Just as many times people rarely can describe why they’re drawn to a form of music other than speaking in generalities, “it’s restful”, “it’s a pick-me-up”, “it says something to me”, the opposite is equally true. People many times develop aversions to a particular song or a form of music without being able to describe why they want to avoid it other than saying “I don’t like it”.
How we hear music and respond to it ultimately depends on who we are as individuals and our experiences in life. Sometimes these echoes of us are spelled out lyrically.
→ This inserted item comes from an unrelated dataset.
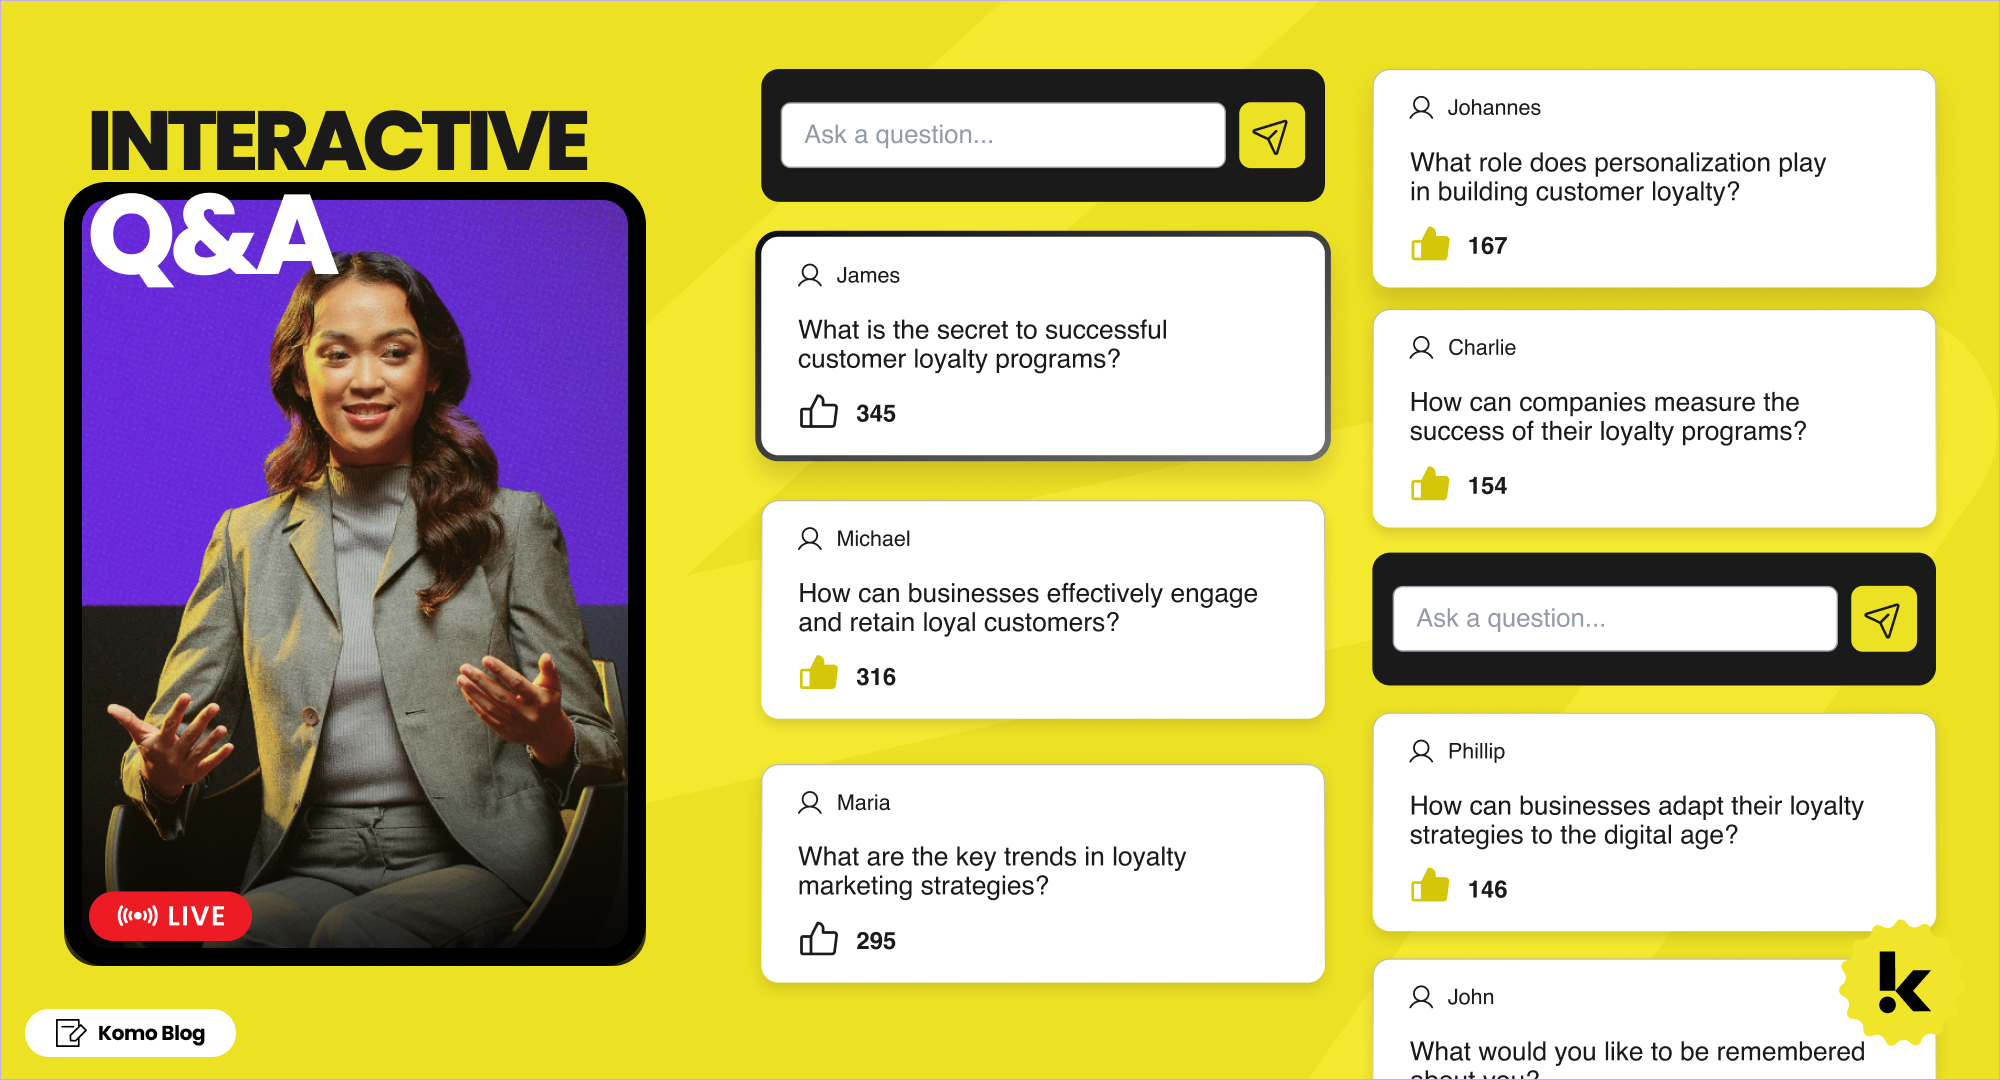 The Interactive Q&A Card acts as a tool to run and moderate a forum-style live event, whether in-person or virtually.

For instance, a person hearing a song about having a broken heart, the level to which they might respond to that song, has to do with their own attitudes and experiences of disappointment or betrayal in love. In a similar manner, it’s easy to imagine a song becoming “our song” to a couple when they’re beginning to come together in a relationship, becoming emblematic of their emotions. Should the relationship end, their individual attitudes toward hearing that particular piece of music again will change and evoke different feelings in each. What’s not so easy to understand, because persons simply can’t understand it themselves, is a situation like this: a woman who never really minded let’s say “acid rock” develops an aversion to that music and just can’t bear to hear it, after her son is killed in Viet Nam. In that case, there might be an unspoken association with that music as being representative of all the anti-Viet Nam protests. Somehow that form of music is now at odds with her on a personal level.
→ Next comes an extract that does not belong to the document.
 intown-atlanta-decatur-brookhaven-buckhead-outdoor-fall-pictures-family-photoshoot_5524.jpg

How odd and almost incoherent to say that because of a personal experience many years ago I dislike “new age” guitar music, although the genre “new age” had not yet been invented that form of spacey acoustic noodling had. I know this about myself and I can accept it. I also have to grudgingly admit that now decades later I still detest the music and what it represents to me. What is surprising is that I can find so many other reasons to dislike this form of music. I wonder sometimes why I am so inclined to believe those reasons, especially when voiced by other people. But they help steel my argument and make me right about why I dislike “new age” guitar music, they make me right in my feelings.
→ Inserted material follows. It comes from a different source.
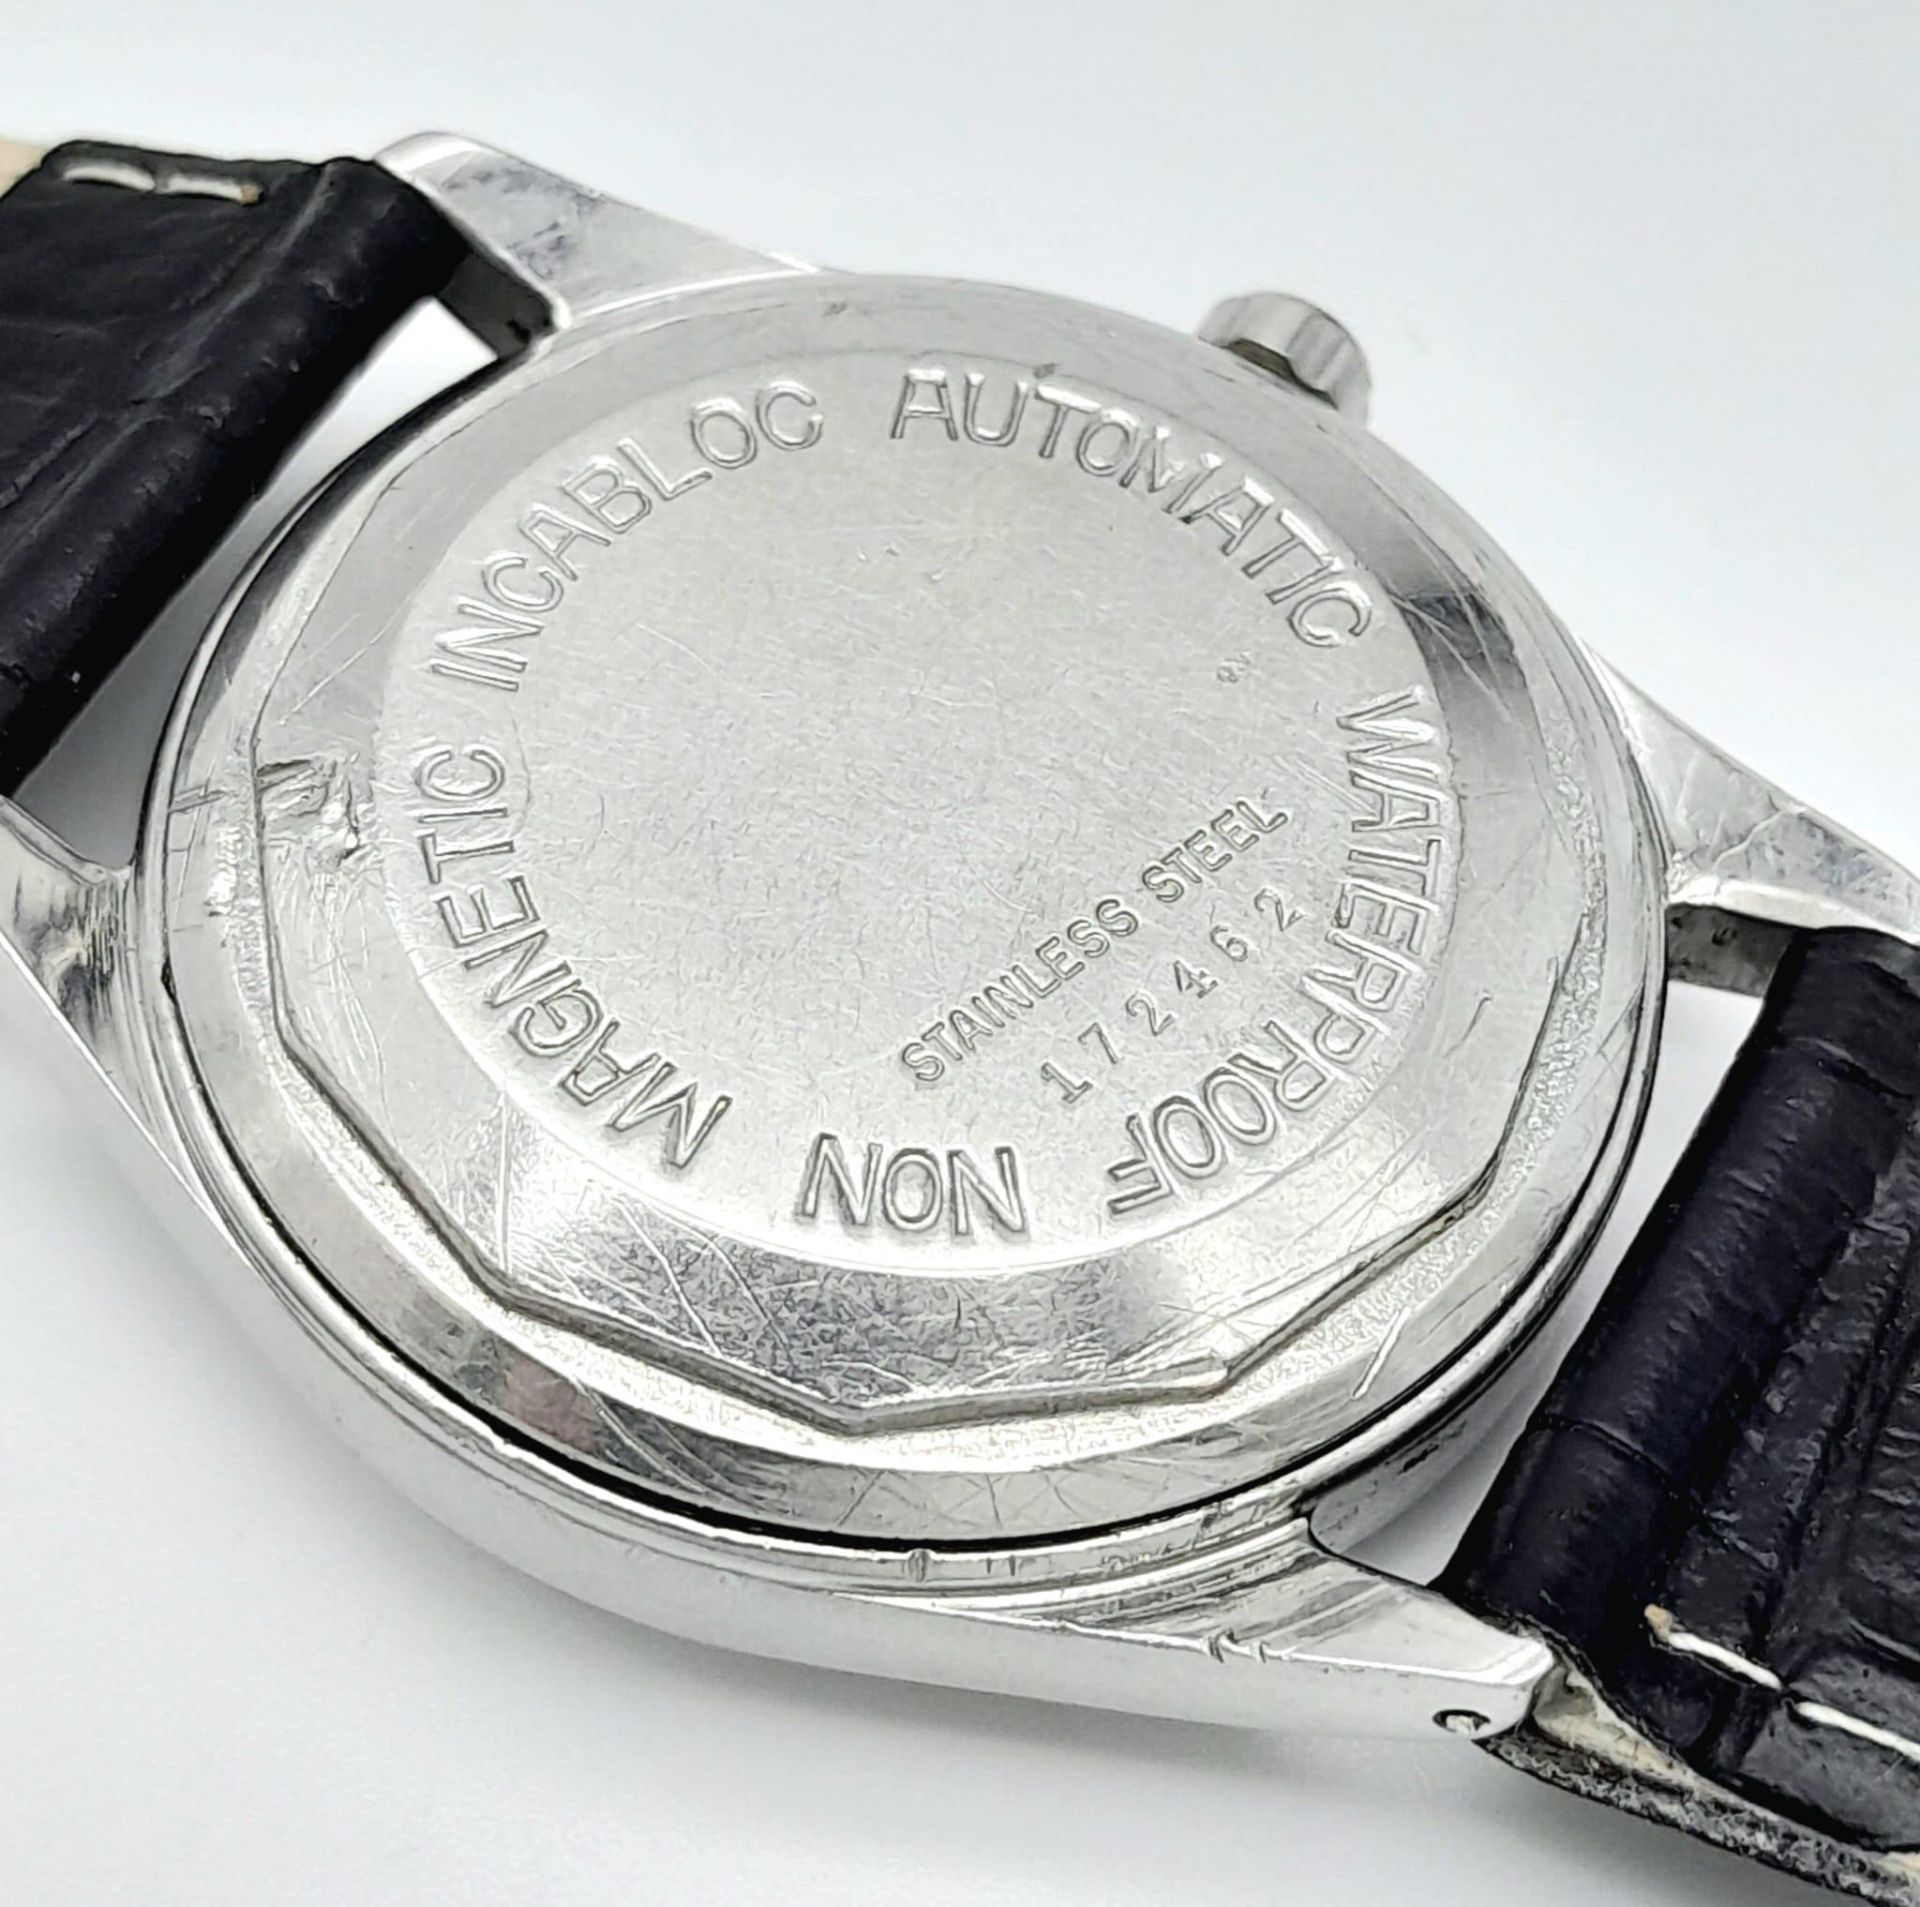 A Vintage Genicko Gents Mechanical Watch. Black leather strap. Stainless steel case - 36mm. Black - Image 9 of 11

When I think back to that single time when just hearing this type of music was so inappropriate to me, I come up with only perjoratives. Self-contained, selfish, self-absorbed, precious, bourgeois, privileged, leisured, pretentious, lazy, hedonistic, smug, presumptuous, and entitled. Lacquered, sensitive, pampered, plumped, pudgy, fluffed up, airless, classist, pompous, pedantic and manicured. Immature, insincere, manipulated, contrived, hermetic, cowardly, rich, useless, unfeeling, mannered, and technical. Polished, pseudo-intellectual, layered, shallow, fallacious, self-righteous, superior, correct, comfortable, placid, lustrous, stuffy, and safe. Over-organized, collecting, glossy, chilly, arch, demanding, tidy, artificial, indifferent, that list could go on.
How could a music that is designed to be a non-threatening and harmless wash of sound evoke such a violent response in me? Aside from the fact as a form I think it’s just childish poo-poo? It’s that unintelligible and incoherent emotional attachment we as human beings make to music. Years ago, I had been dealing with the violent death of a loved one in the family home, a violent death in a small town that had never seen a killing, replete with official investigations, extreme emotionalism and family hysteria. After probably too long of this for my own good, I had bailed for relief and took a walk ending up across town at a neighbor’s. That young man who I regarded as a friend was playing that music to make himself feel better. As he played, he would chat and giggle with another visitor. That music did not understand me.
The music was ineffectual at doing what it was designed to do, at least for me. And so, it was false. It was unsympathetic and emotionally-dampened. It was also as indifferent as it was forced and stilted, almost insulting the way an attempt at condolence can sound mildly-intentioned or like a rehearsed murmur. How completely at odds with my reality of that point in time and my memories now of it. Of course, the other person could turn this around and say the same thing: How selfish of you to be wrapped up in your own concerns when I am just enjoying my music.